METHODS: We analyzed participants age ≥51 years (n=16,785) in wave 2008 of the Health and Retirement Study, a nationally-representative longitudinal health interview survey, and followed them for 2 years. COPD, GS (falls/incontinence/vision impairment/hearing impairment) and ADL-dep (bathing, dressing, eating, transferring, using toilet) were self-reported using previously validated questions.
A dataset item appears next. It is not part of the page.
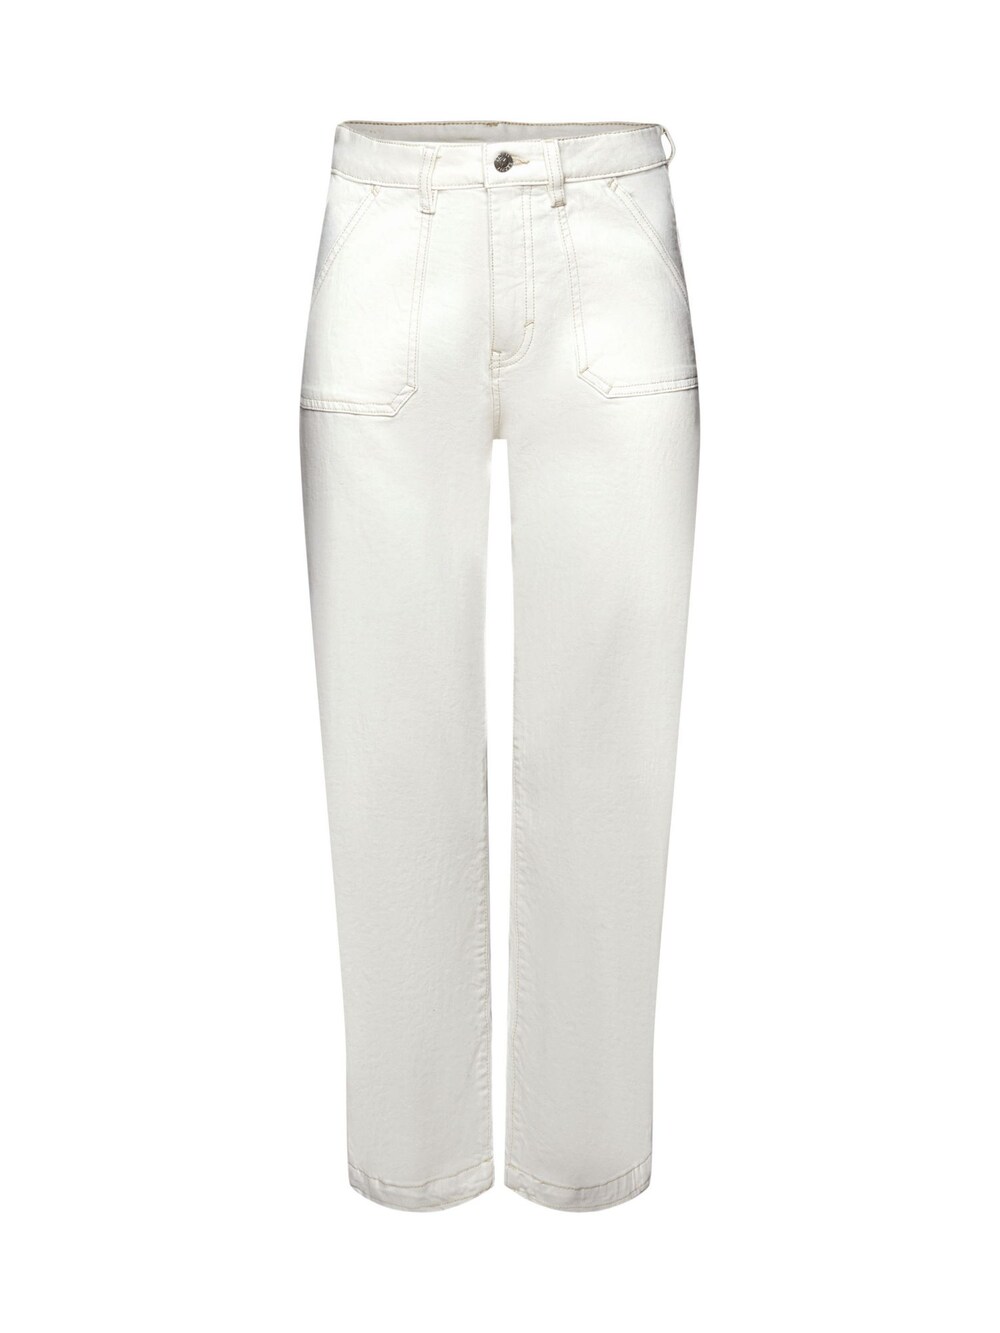 Обычные джинсы Esprit, от белого
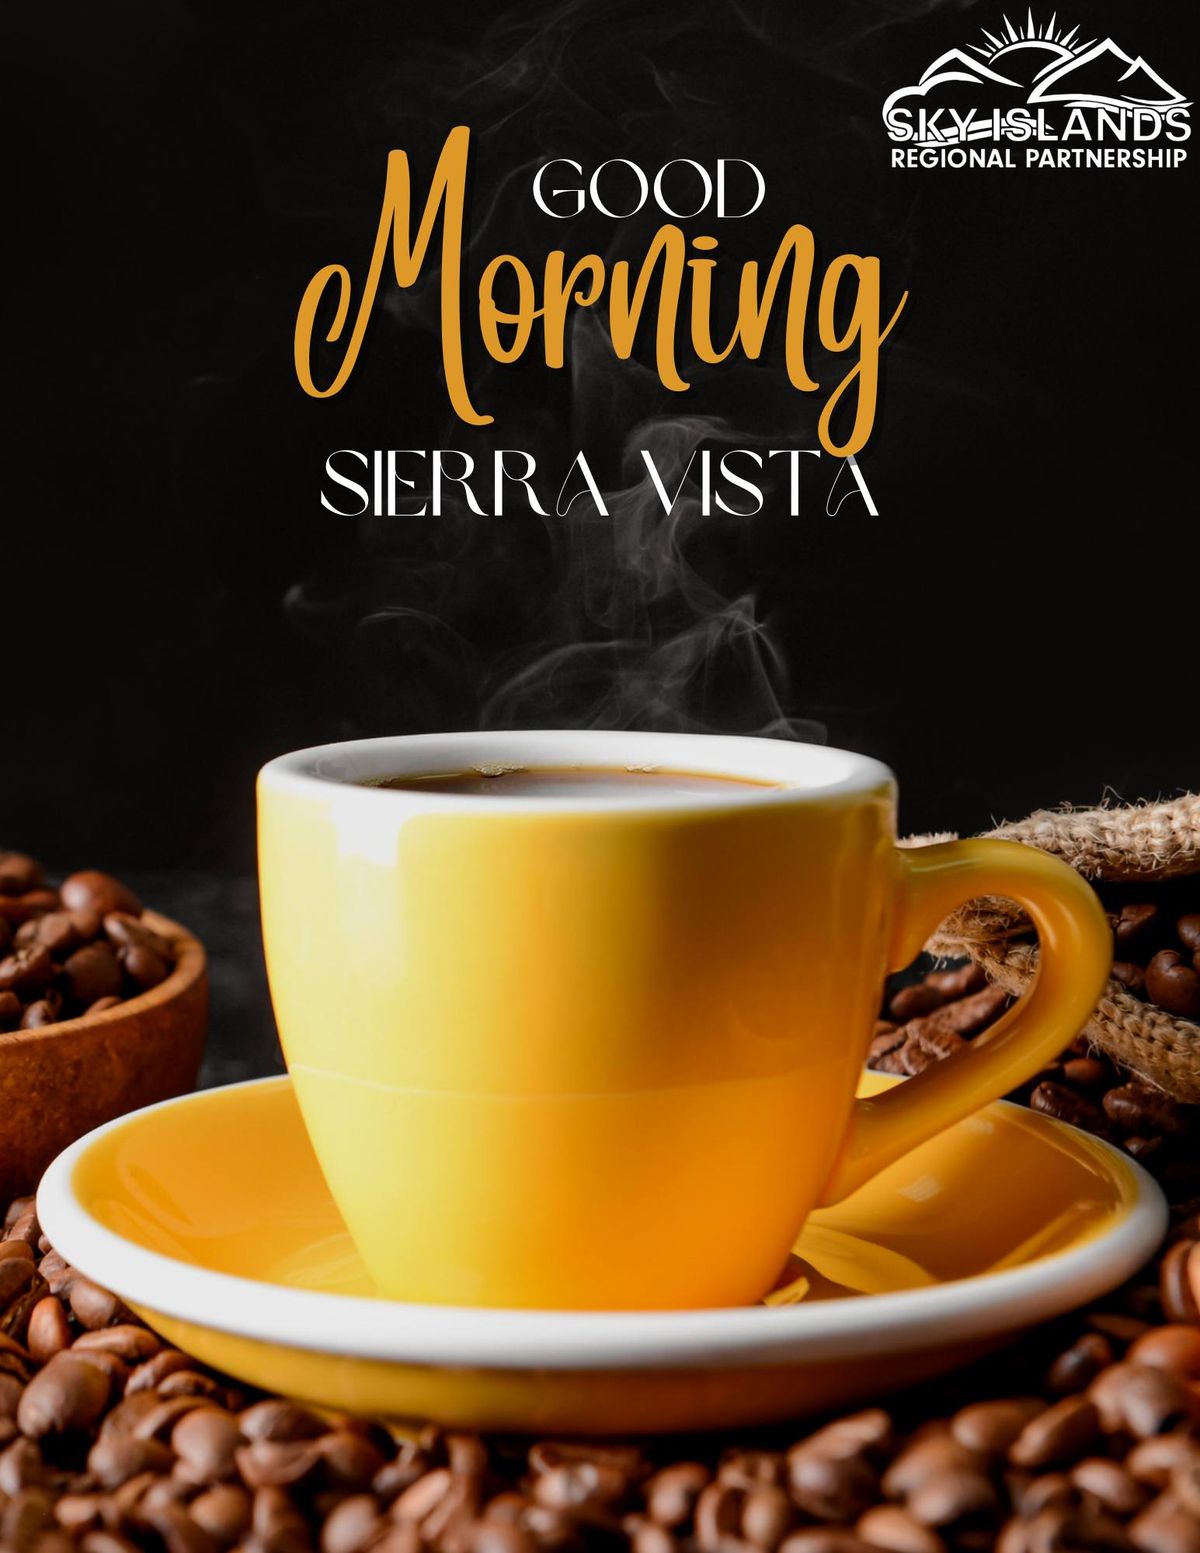 Good Morning Sierra Vista

Respondents reported baseline (2008) HS (excellent to poor) and 2-year (2010) HS, compared to previous interview (better/same/worse). We used logistic regression to examine the effect of GS/ADL-dep on baseline/change in HS among respondents with COPD. Covariates included: sociodemographics; smoking status; oxygen use, and persistent respiratory symptoms (as COPD severity proxies); 7 comorbidities (hypertension, heart, cancer, diabetes, stroke, musculoskeletal and psychiatric disease); and cognitive function.
RESULTS: COPD was reported by 10.9% of respondents (n=1,839, representing 7.6 million nationally), 34.7% of whom had ≥2 GS and 9.2%, ≥2 ADL-dep. In fully adjusted models, presence of ≥2 GS was associated with higher odds of fair/poor baseline HS (odds ratio [OR] 3.1; 95% confidence interval [CI] 2.3-4.3) and with 2-year worsening HS (OR 2.0; 95% CI 1.4-2.7). ADL-dep was also associated with higher odds of fair/poor baseline HS (OR 2.0; 95% CI 1.0-4.1), but not with 2-year worsening HS (OR 1.2, 95% CI 0.6-2.7). The impact GS/ADL-dep was greater than that due to individual comorbid diseases and comparable to having ≥3 comorbid diseases.
CONCLUSIONS: Beyond comorbid diseases, sociodemographics, and pulmonary factors, geriatric syndromes and ADL dependencies are important factors impacting HS in COPD. GS and ADL-dep should be a target for identification of COPD patients at high risk for worsening HS.
CLINICAL IMPLICATIONS: Geriatric conditions (GS/ADL-dep) impact HS/QOL in COPD, and could be used to identify subjects at risk of further deterioration.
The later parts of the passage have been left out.